TRBC1-Targeting Antibody–Drug Conjugates for the Treatment of T Cell Cancers

Nichakawade, T.D., Ge, J., Mog, B.J. et al. TRBC1-targeting antibody–drug conjugates for the treatment of T cell cancers. Nature 628, 416–423 (2024). https://doi.org/10.1038/s41586-024-07233-2

Key Takeaways

• T cell leukemias and lymphomas arise from clonal expansions with identical TCR sequences in cancerous T cells, differing from normal T cells in TRBC1 or TRBC2 expression.
• Anti-TRBC1 CAR-T cell therapy, though attempted, failed in clinical trials due to poor expansion.
• Researchers at Johns Hopkins developed an anti-TRBC1 ADC, selecting SG3199 and MMAE as conjugated cytotoxic drugs, achieving DARs of 2.4-2.6 and 3.2 respectively.
• LC-MS-based characterization ensured precise DAR determination critical for efficacy in targeting and killing TRBC1+ cancer cells while sparing normal cells, demonstrating promising results in preclinical models.

Summary

T cell leukemias and lymphomas originate from the clonal expansion of a specific T cell, resulting in every cancerous T cell having the same unique TCR sequence. Normal T cells have an equal distribution of cells expressing TRBC1 and TRBC2, whereas T cell cancers express either TRBC1 or TRBC2, but not both. CAR-T therapies targeting TRBC1 looked promising, but failed in clinical trials.

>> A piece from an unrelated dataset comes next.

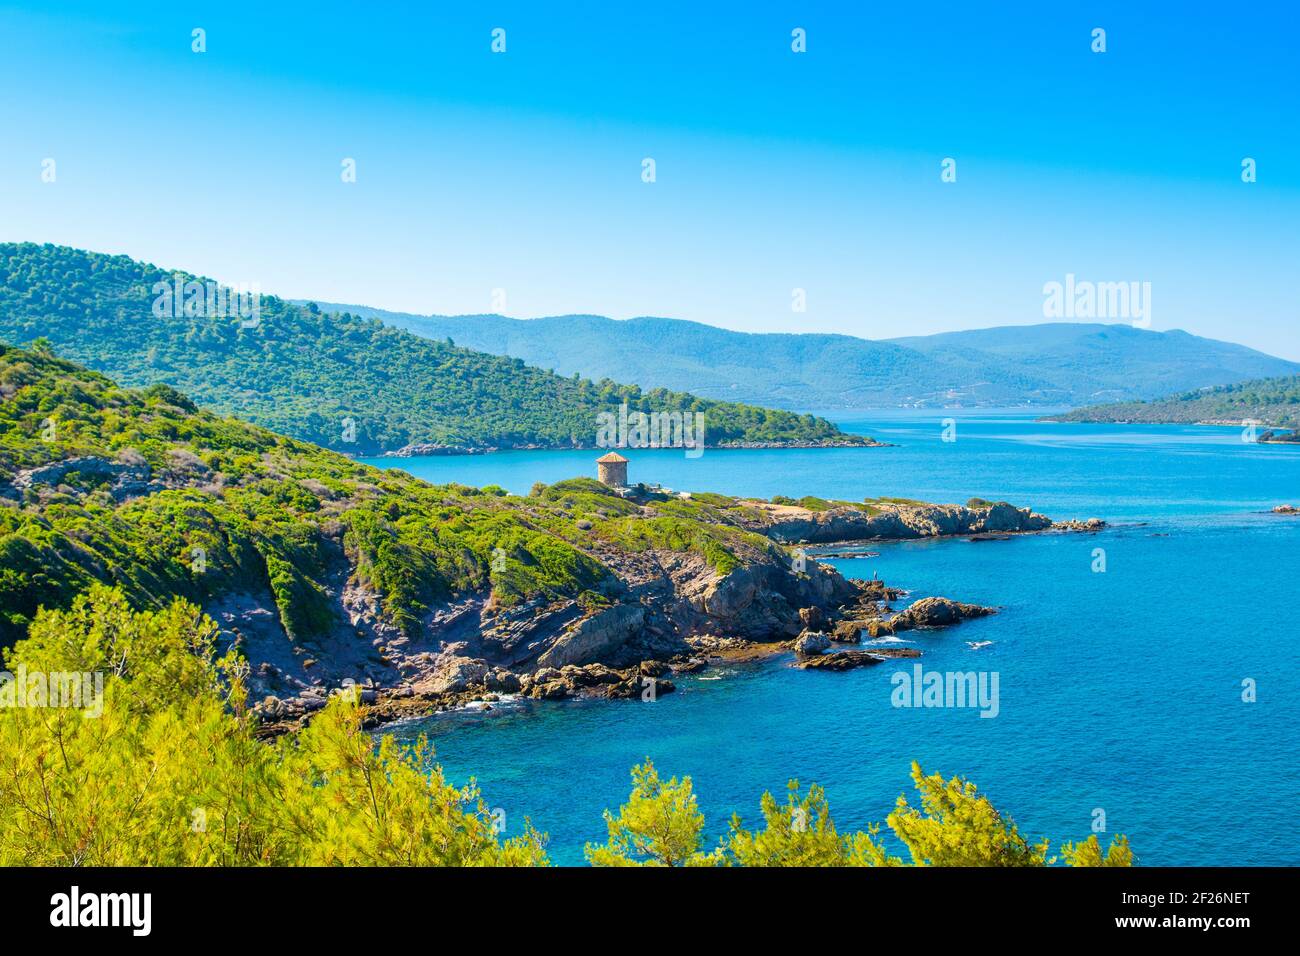 Beautiful Mediterranean landscape with Aegean sea and green hills in Bodrum, Turkey Stock Photo

In 2023, researchers from the Dr. Suman Paul lab at The Johns Hopkins University School of Medicine aimed to develop an antibody therapeutic to target TRBC1 + cells that is not dependent on CAR-T cells. 

Antibody-drug conjugates kill target cancer cells by recognizing cancer-specific antigens on the cell surface, leading to the internalization and release of cytotoxic drugs. They tested and selected an anti-TRBC1 antibody that bound to TRBC1+ TCRs on T cells and internalized. Following this, they tested antineoplastic drugs and chose the top two performing drugs, SG3199 and monomethyl auristatin E (MMAE), to conjugate to their anti-TRBC1 antibody. 

Following the synthesis of the ADCs, LC-MS-based antibody characterization by Rapid Novor was used to determine the drug-antibody ratio (DAR). The DAR was estimated at 2.4 to 2.6 for anti-TRBC1–SG3249 and 3.2 for anti-TRBC1–MMAE, based on the peak area analysis from the mass spectra.

In vitro and in vivo experiments were conducted to evaluate the effectiveness of the ADC.  The ADC demonstrated a greater potency in killing TRBC1+ cancer cells compared to TRBC1+ normal T cells. In vivo efficacy was assessed using TRBC1+ T cell cancer xenografts. Following treatment with anti-TRBC1–SG3249, the cancers were undetectable, and no recurrences were observed. 

Understanding the specific TCR sequences in cancer led researchers to explore ADCs as an alternative to CAR-T cell therapies, which faced limitations in clinical trials. Accurate DAR analysis, crucial for ADC development, ensures optimal drug delivery to cancer cells while minimizing off-target effects and toxicity. This analytical approach is essential for regulatory approval and maintaining manufacturing consistency.